Relationships can be hard work but there’s a limit to the things a person is willing to take on remain stay in one. For many, cheating or physical abuse are some of the most common dealbreakers when it comes to deciding whether to break up with someone or not. However, may find it more difficult to break free from a relationship because of emotional abuse, specifically gaslighting.

Origins & Meaning

The term was reportedly derived from the title of a 1938 play and 1944 movie where a man was purposefully trying to make his wife think she’s crazy by lying to her about things

So, what is gaslighting and how does it work? Gaslighting is a form of psychological abuse where one person manipulates another into having doubts about their own state of mind. The situation becomes more aggravated as the victim loses confidence in themselves and ends up being more dependent on an abusive partner or spouse. In the end, it could also make it harder for the abused to leave the relationship altogether.
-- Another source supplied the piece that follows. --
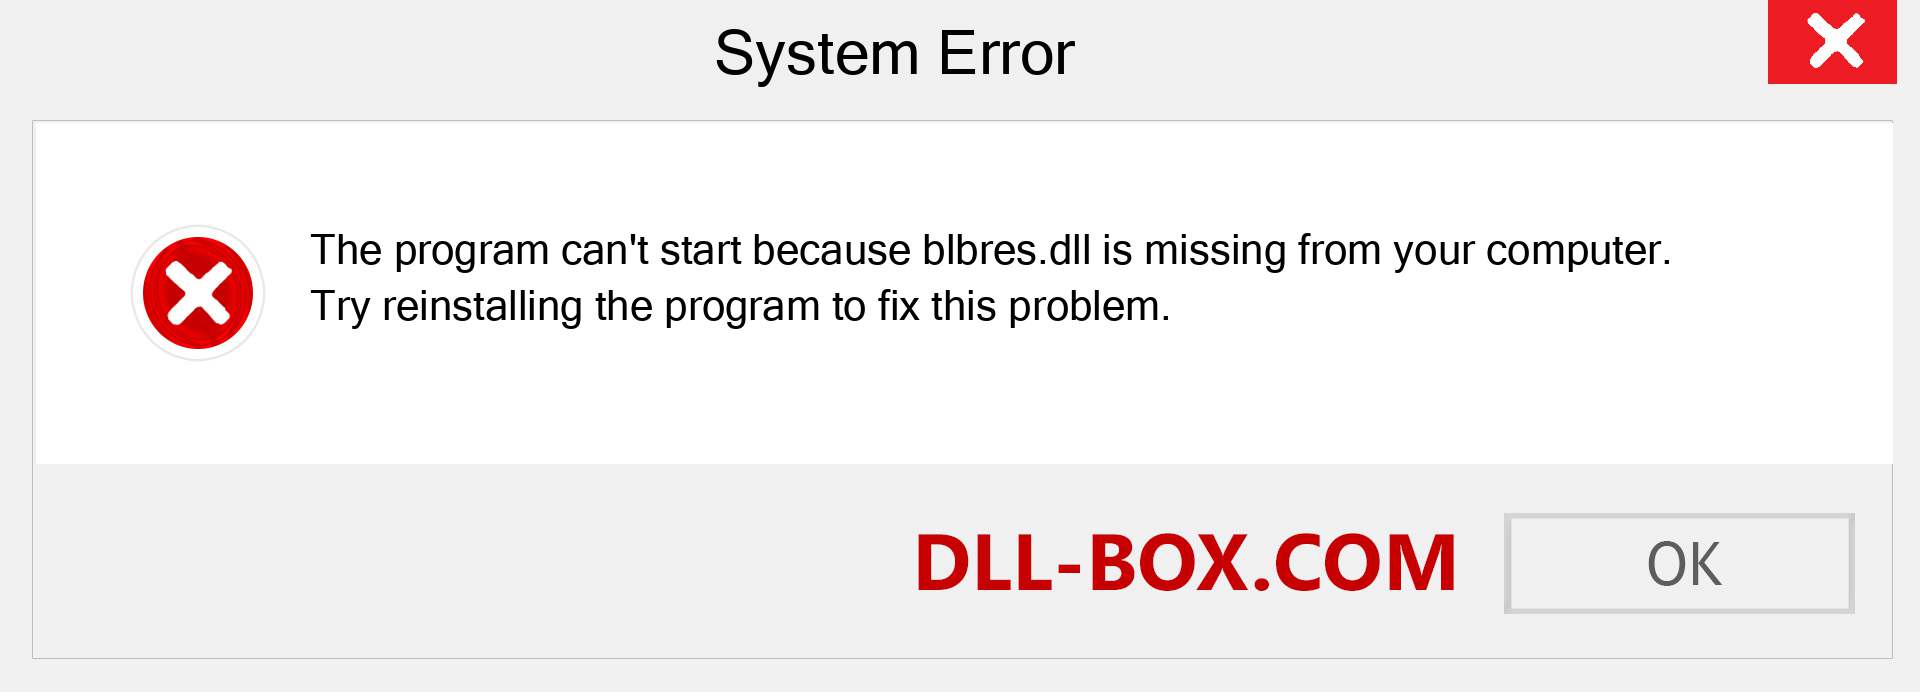  blbres.dll file is missing?. Download for Windows 7, 8, 10 - Fix  blbres dll Missing Error on Windows, photos, images

Meanwhile, Solace Women’s Aid’s Anat Toffell emphasizes that there is a key difference between a simple disagreement and actual gaslighting. Toffell says that the latter involves repeated attempts on the abuser’s side to imply that the other person’s perception of certain events is nonsensical or crazy when it’s not.

Recognizing the Signs

Toffell says that victims of gaslighting may feel anxious, depressed or confused but will be unable to exactly pinpoint what is causing these feelings

As damaging as it may be, gaslighting is, unfortunately, a bit difficult to identify. This is because perpetrators typically introduce the manipulative act over a period of time.

There’s also the fact that victims will be made to believe that their emotions don’t matter or that they’re just imagining or misremembering things anyway. Aside from these, people on the other end of gaslighting would find themselves second-guessing more often or constantly having to lie just to avoid getting hurtful comments.
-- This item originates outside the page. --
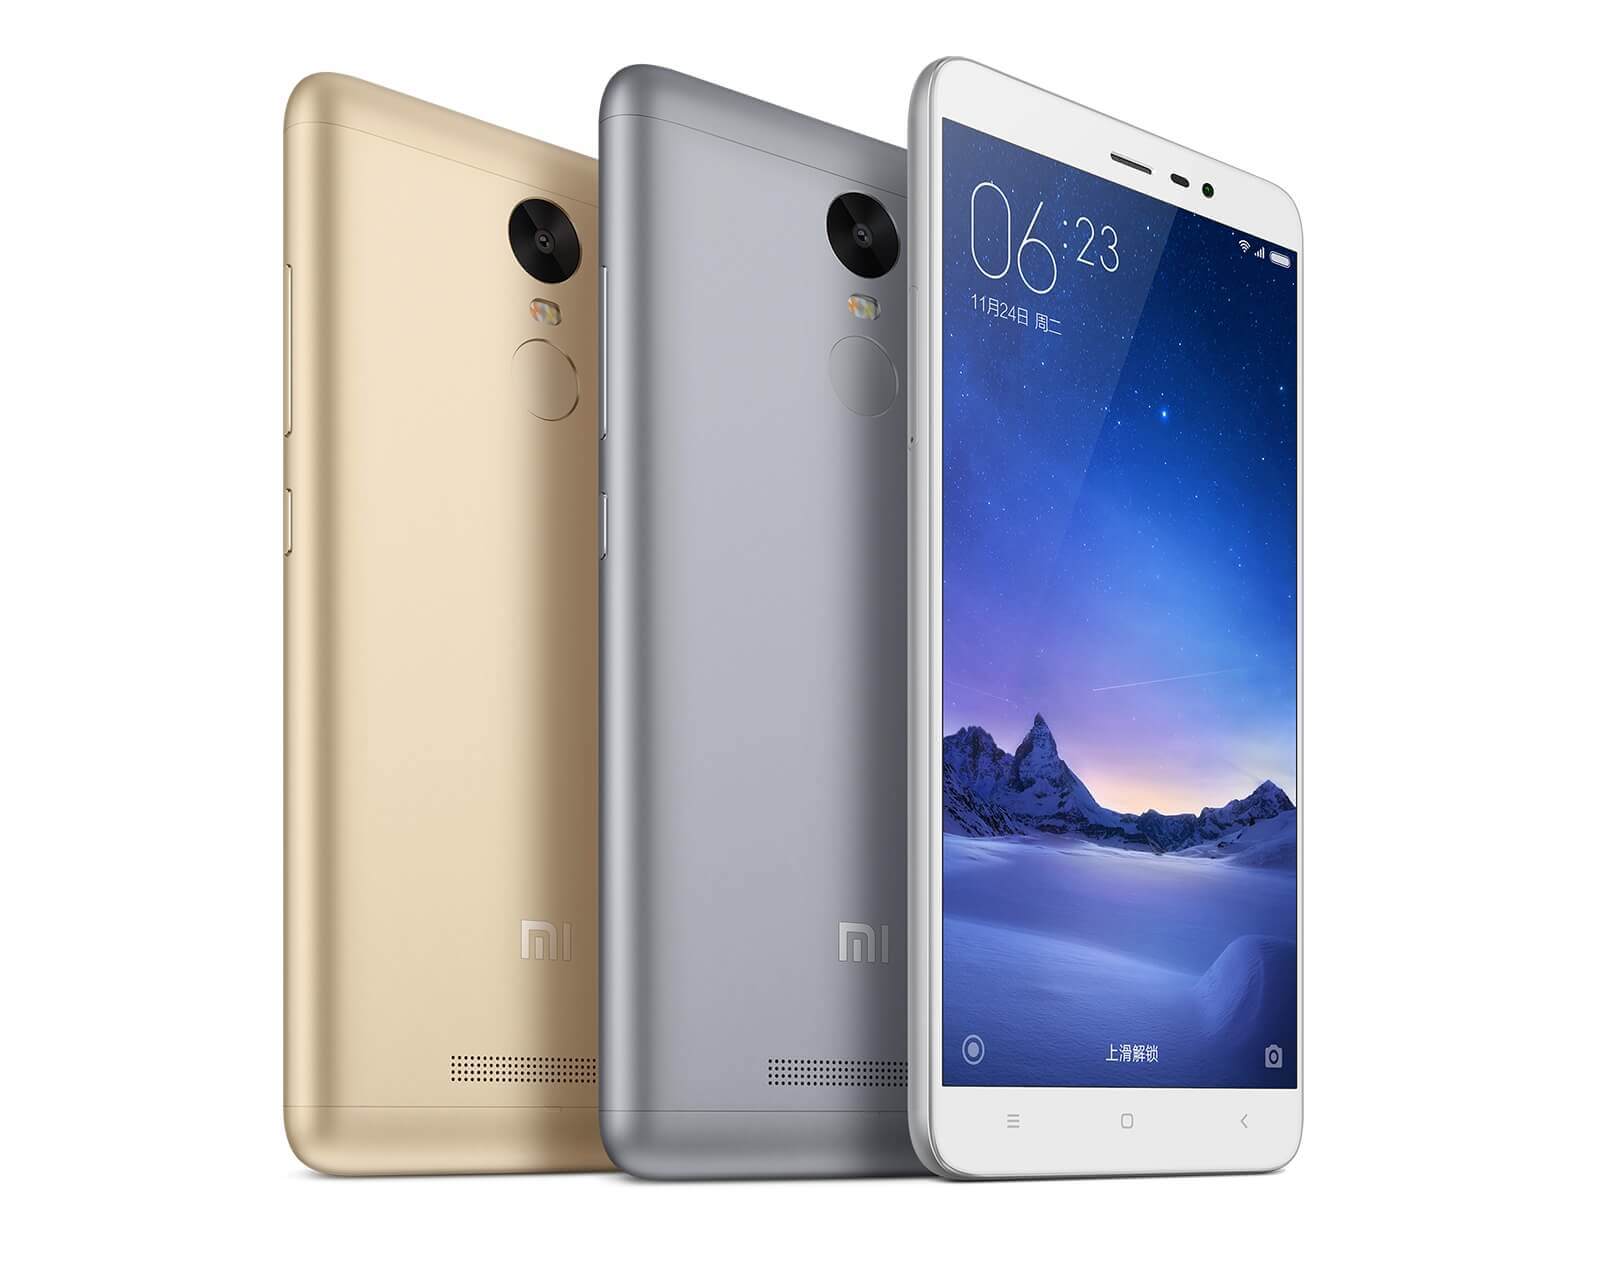 Xiaomi представила Redmi Note 3 Pro стоимостью $150

Things can take a turn for the worst and in some cases even escalating to physical abuse. As one victim of gaslighting shares, her boyfriend would say hurtful words to her and hit her whenever she retaliated. Afterward, he would change moods and begin crying, saying how he loves her. In the end, the victim was the one who found herself needing to apologize despite the twisted reality of the situation.

Getting Out, Getting Help

Experts say that getting one’s self-confidence back is an important part of long-term recovery for survivors

People who find the above situation awfully familiar should seriously consider getting out of the abusive relationship. As Toffell recommends, victims could consult with a domestic abuse specialist to get help about how they can get out of the relationship safely. Fortunately, there are also plenty of groups and organizations that specifically cater to housing and helping victims of abuse get back on their feet.